Interfaith Coordinator

There are few, if any, experiences in life that make us ontologically different. That is to say, they change us at the core and move us to understand the essence of who we are in a wildly more profound way. Typically, these are experiences that provoke infinite amounts of gratitude. Participating in La Casa de la Solidaridad, whereby I was gifted the opportunity to be immersed amongst the Salvadoran people and their social reality for a semester, was a life experience that drastically altered my ontological view of self. Although this chance to know a part of El Salvador happened back in the fall of 2002 when I was a junior at John Carroll University majoring in Political Science, I continue to interpret and re-interpret my own identity and purpose through the pair of lenses given to me by Griselda, Paty, Fito, Julio, Boris, Reina, Melvin, Carmen, Padre Luis and many others.

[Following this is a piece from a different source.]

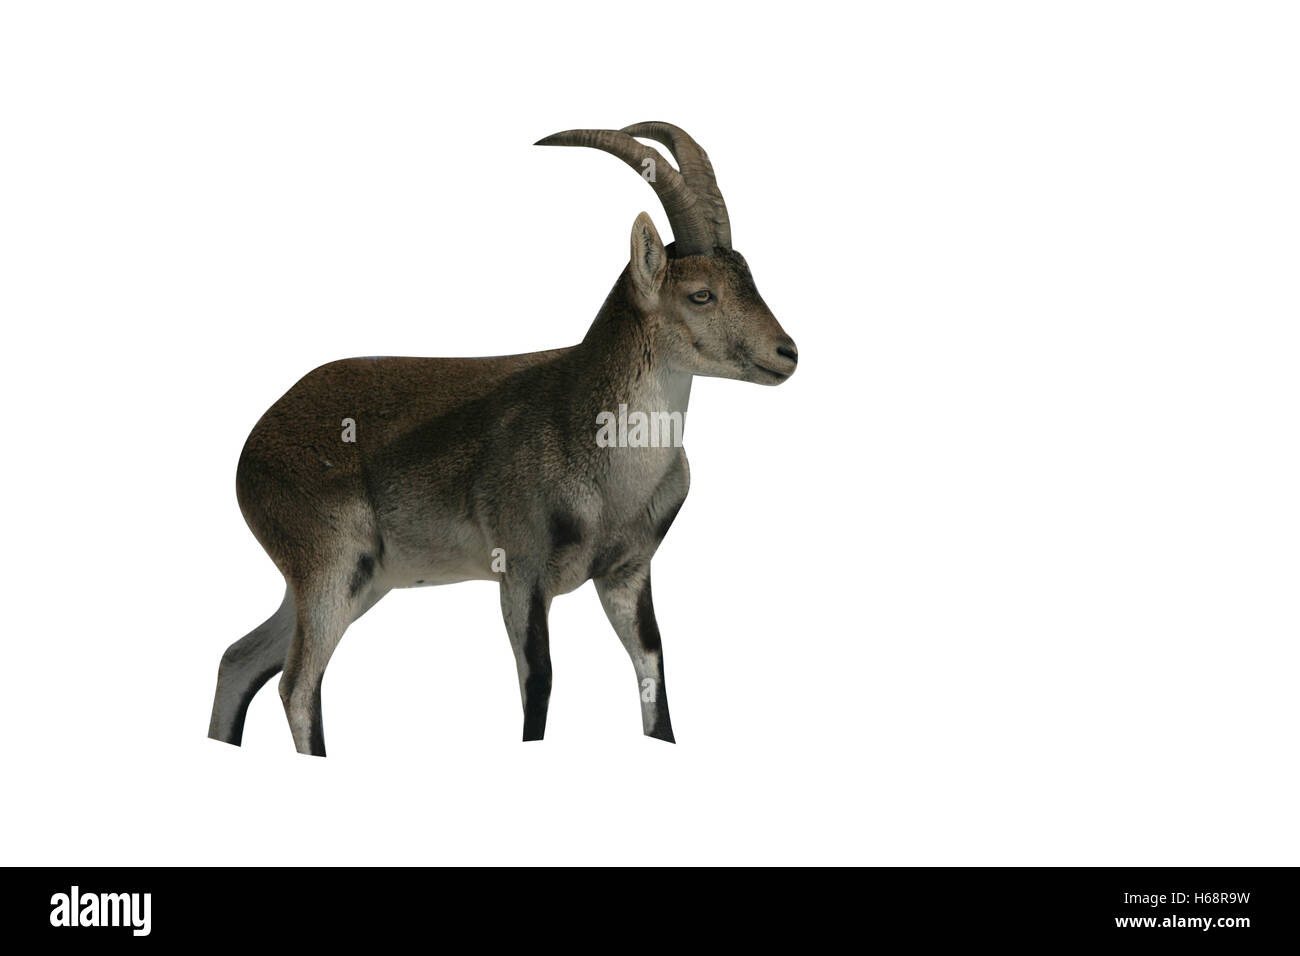 Spanish or Iberian ibex, Capra pyrenaica, single mammal in Spain, winter Stock Photo

Today a significant form of this aforementioned meaning making occurs for me outside of Boston, MA at a county jail, where I am employed as Interfaith Coordinator (a fancy title for prison chaplain). In accompanying 1000+ men and women who are “locked up”, I frequently encounter the same virtues of hope, resilience, courage, and faith that I came to witness first in the Salvadorans. Granted the pain and suffering felt by these inmates is particular to this unique reality. At the same time, it is precisely through solidarity, community, and loving kindness that their pain and suffering begins to be redeemed.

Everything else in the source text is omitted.